Identifying novel gene regulatory relationship from large-scale functional genomics data has been a major theme for the characterization of complex biomolecular systems. Gene regulator identification can be identified from gene expression data using DNA microarrays. With tens of thousands of microarray experiments deposited into public databases for yeast, Drosophila, Arabidopsis, mice, and humans, one may reconstruct molecular interaction or regulation relationships from mining the data without conducting specific experiments to test whether a candidate regulator-target relationship exists. For example, James et al  examined temporal gene expression patterns during chondrogenic differentiation in a mouse micromass culture system. Then, they determined transcriptional regulation by observing the impact of changed expression of molecules onto changed gene functional categories. Lorenz et al  used microarray analysis and scale-free gene networks analysis to identify candidate regulators in drought-stressed roots of loblolly pine. Systematic approaches to reconstruct transcriptional modules and identify their perturbation conditions are under way . Albert et al  summarized recent findings that the disruption of regulatory relationships may lead to human diseases, therefore shedding new light on disease intervention on gene regulatory relationships instead of genes as possible drug targets--hence the new field of "network medicine". These examples show a surging interest among genome biologists to study gene regulatory relationships.

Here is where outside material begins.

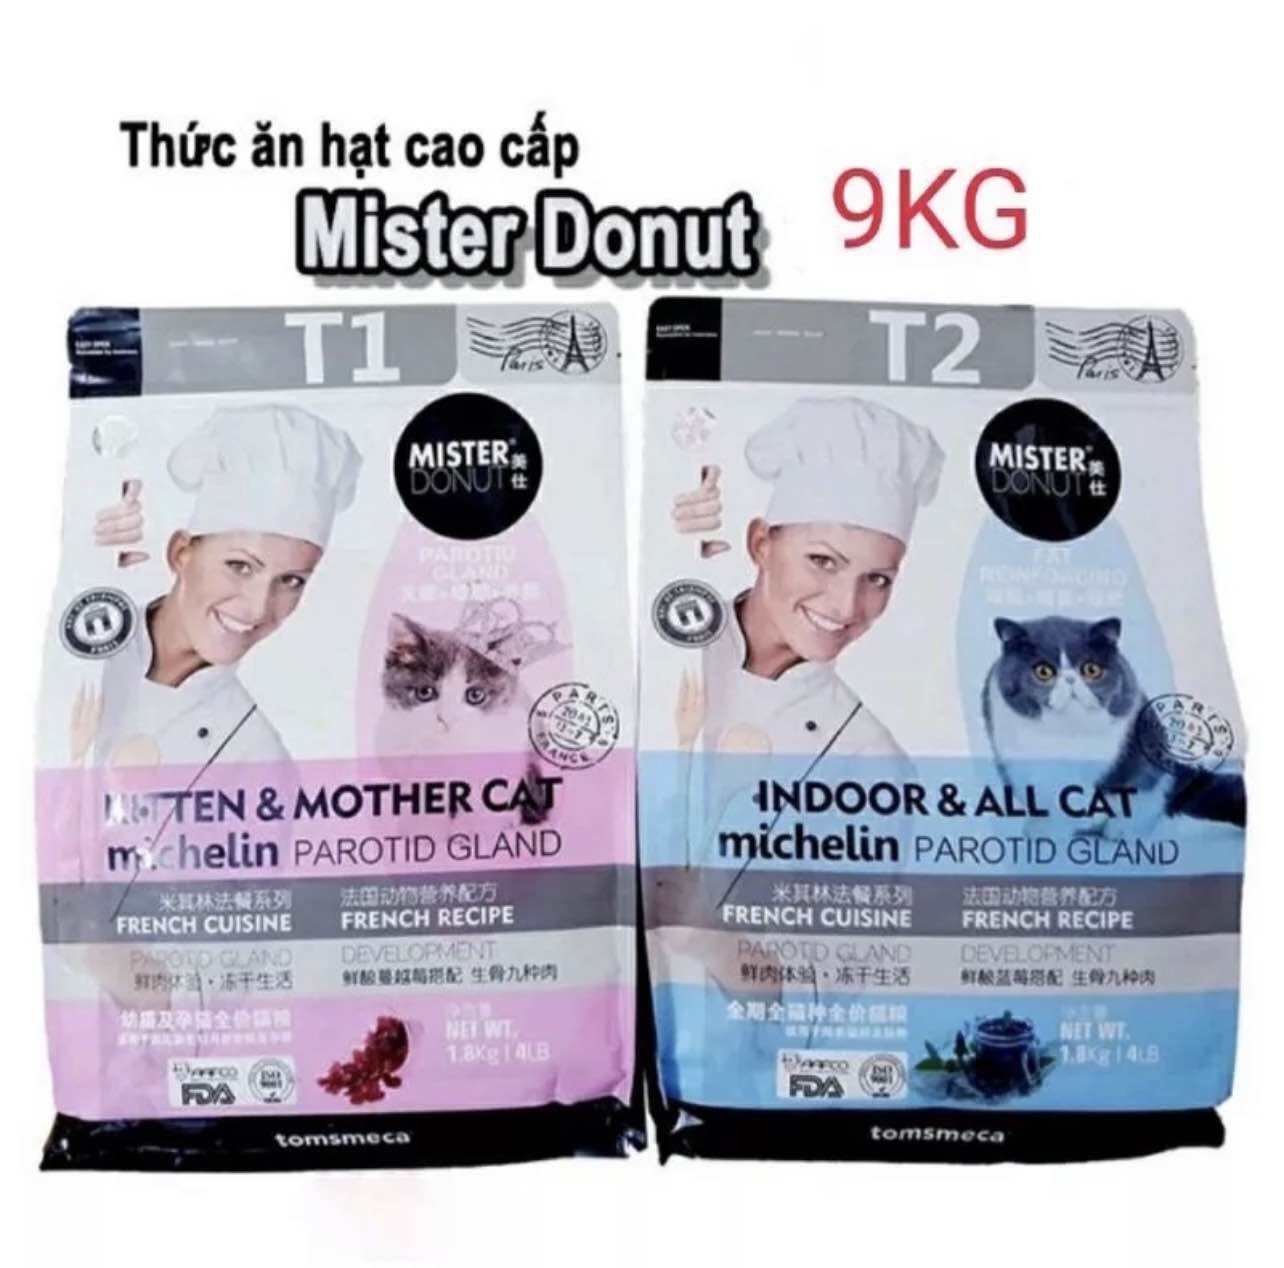 Hạt cao cấp Mister Donut 9kg
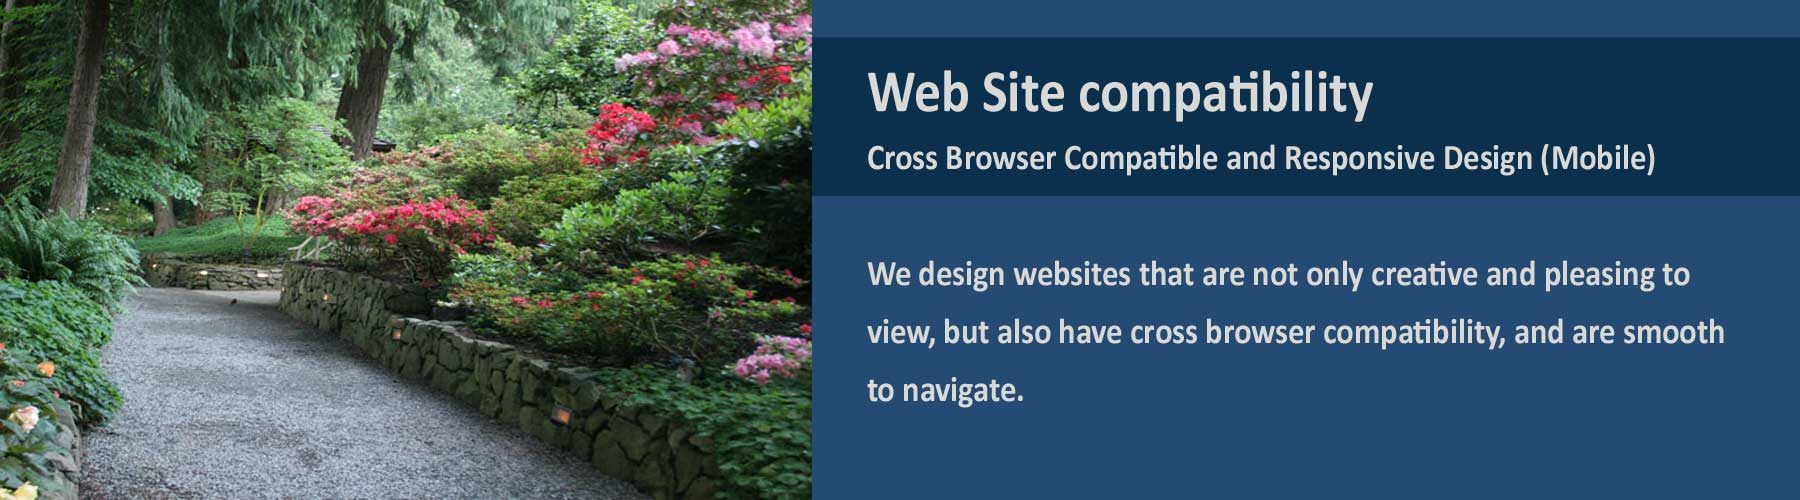 websitecompatibility

Traditional experimental gene regulator finding methods, e.g., those using gene knockouts, synthetic lethality, or chip-seq in eukaryotes, are too costly to serve as the primary platform with which scientists explore the large combinatorial space between all candidate pairs of genes [5–7]. To overcome the data coverage gap, many computational methods have been proposed, e.g., homologous gene regulator database search, clustering of gene expression profiles and transcription factor binding site pattern matching, physics-based modeling of candidate transcription factors and target binding relationships, and network based methods [4, 8]. For example, Ru-Fang Yeh et al  introduced an accurate and efficient technique that performs homologous gene regulator database search in higher eukaryotes to annotate gene regulators for the human genome. Stephane et al  developed a rigorous statistical test to establish a link between selection threshold of putatively regulators and the identified false positive genes in clusters of candidate gene targets derived from gene expression profiles. Gerhard et al  developed ANREP, a system that can identify exact pattern matches to motifs with spacing constraints and approximate matches recursively. Physics-based methods that characterize protein-ligand relationships, e.g., the MM-based methods, have also been proposed .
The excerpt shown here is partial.